Sunday, February 24, 2013

Carpal Tunnel, Carpe Diem

Lots of people noticed my wrist brace today. This leads to an explanation and a story.

I acquired a case of carpal tunnel from [blush] playing too much Minecraft. (Not very glamorous, I know. That's why I compensate by creating glamor elsewhere in my life.)

Due to my injury (which I incurred bravely while battling
zombies toddlers balrogs), I’ve spent the last month playing for primary one-handed. For the first few songs, nobody seemed to notice, and I quickly got very good at faking things by picking up most notes with my right hand.

At first, the challenge itself was enough. Then the accomplishment itself was enough.
After a while, though, I started to get bored again, mostly because I had been playing “My Heavenly Father Loves Me” over and over. 

My mother-in-law says that only the boring are bored. Very well, I decided to do my duty to make the world a better, or at least more interesting, place.

Seizing an inspiration, I announced from the piano that if senior primary did a really good job singing, I would play the song with *gasp!* one hand over my head!!

I hammed it up, naturally, waving my left hand around and adding in little arpeggios and trills. Everyone gasped in amazement.

When I finished, they applauded. I took a bow.

The kids got some practice, followed by free entertainment. I got some useful mileage out of my affliction, plus some recognition for my achievement.

I just *ahem* forgot to mention that I had already played the song one-handed forty-odd times over the previous two weeks.

Now I’m wondering what other tricks I could try to enliven things.

Maybe I’ll practice playing the March song blindfolded. Or maybe I’ll attempt to play blindfolded without practicing at all. Or maybe I’ll cheat and make a “blindfold” that looks opaque but isn’t.
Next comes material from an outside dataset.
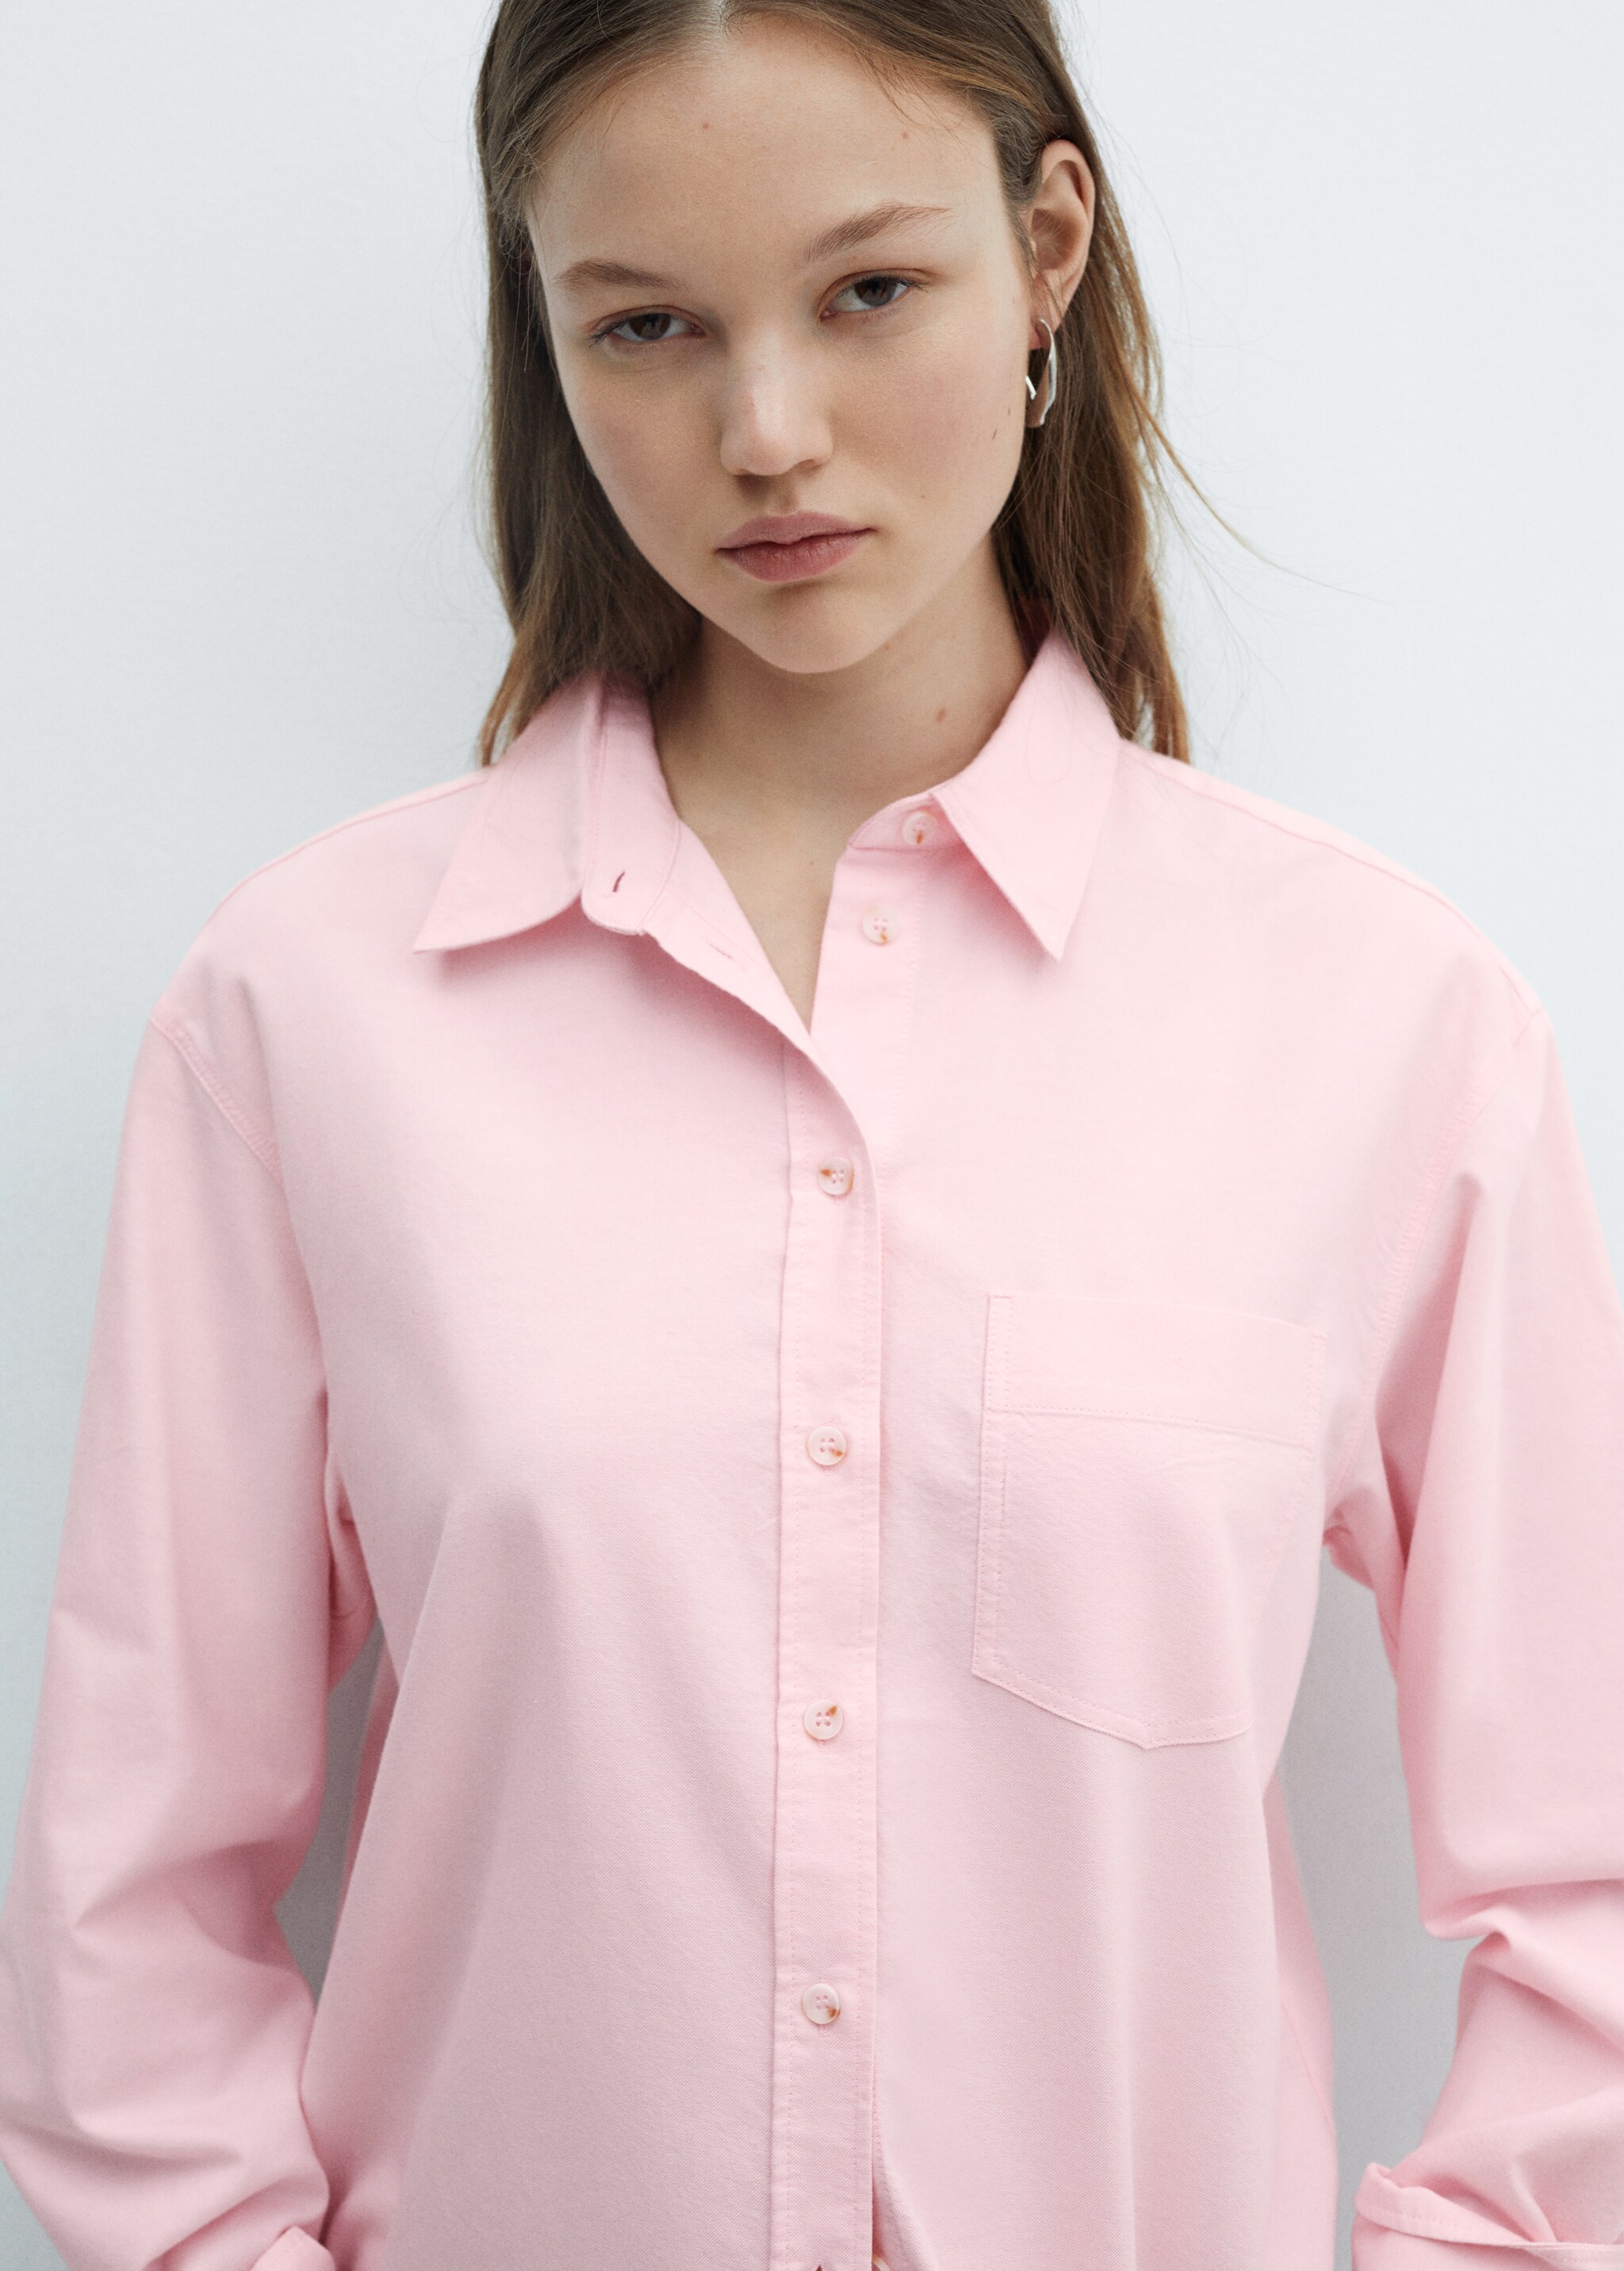 100% cotton pocket shirt - Details of the article 1
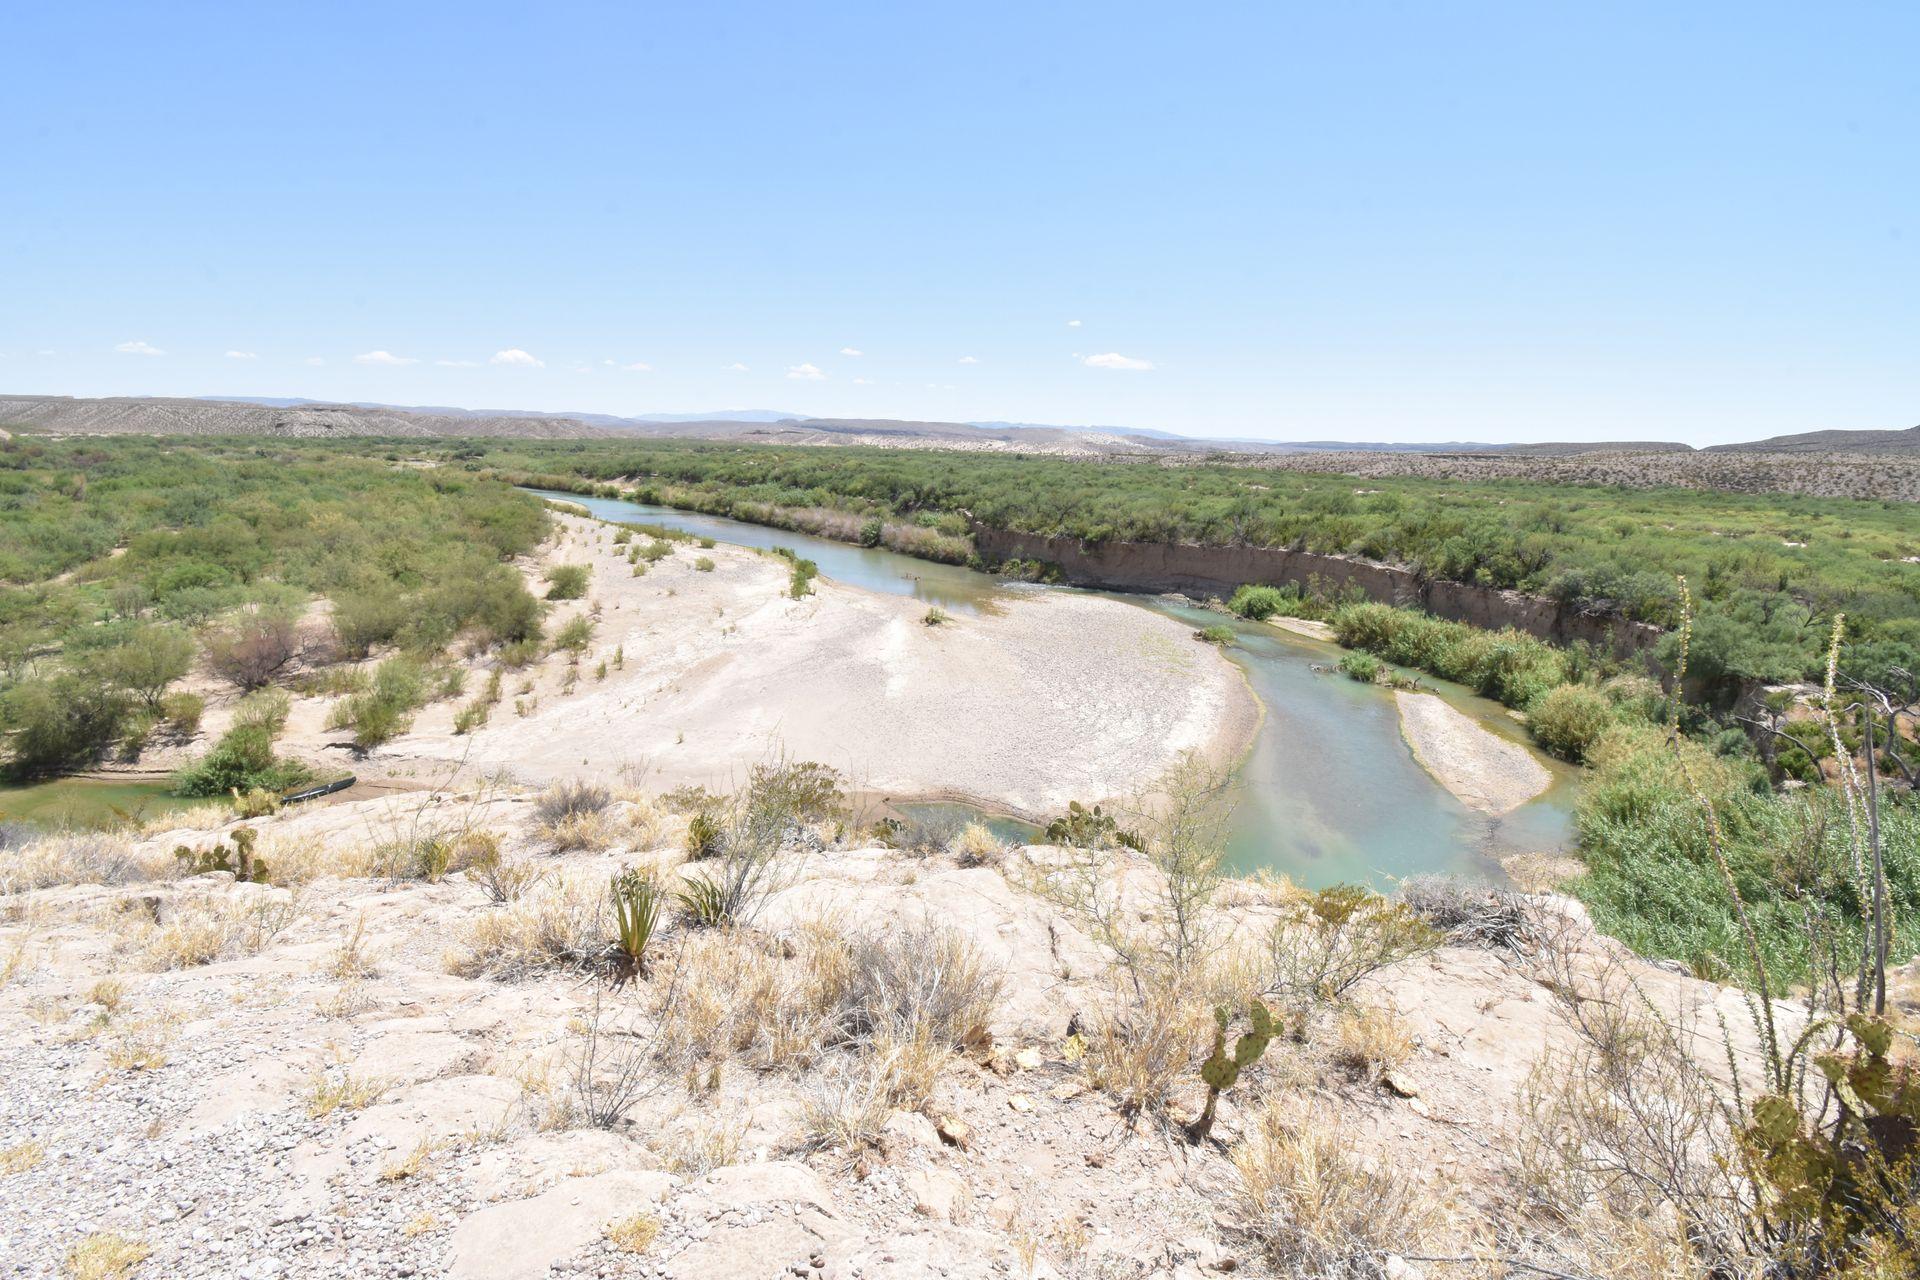 Looking down at the Rio Grande River on the Boquillas Canyon trail.

A good stage magician does not reveal all her secrets. It creates an aura of mystery. And
glamor  glamour.


Carolyn said...

I support playing with your eyes closed. You could even stage a contest of some sort -- whoever sings the loudest can come put their hands over your eyes to make sure you're not peeking!

Krenn said...

this would explain your disturbing absence on my minecraft server.

have you asked Jon about transferring the server files to your home server?

Gail said...

Carolyn--rookie mistake. Never, ever, encourage the primary (especially not junior primary) to have a loudness contest. It sounds like a Gator's football game. Scratch that. It sounds so horrible, it's like an LSU football game. Shouts. Screams. All volume, no presentation. No melody whatsoever. You can almost see the nodes growing in the kids' vocal chords.

Other than that, I like the idea. A child, picked by some other criteria, could come inspect and monitor me against cheating.

Renae Kingsley said...

What a fun way to spice up Primary. Too bad I missed it!

Jon said...

Next, you need to start limiting the number of fingers you use.

Brian Thomas said...

Sigh, the lack of creativity! How about playing while facing backwards? Toes-only? Upside-down? All three at once?! Or my personal favorite: playing piano while juggling. That would totally make my day.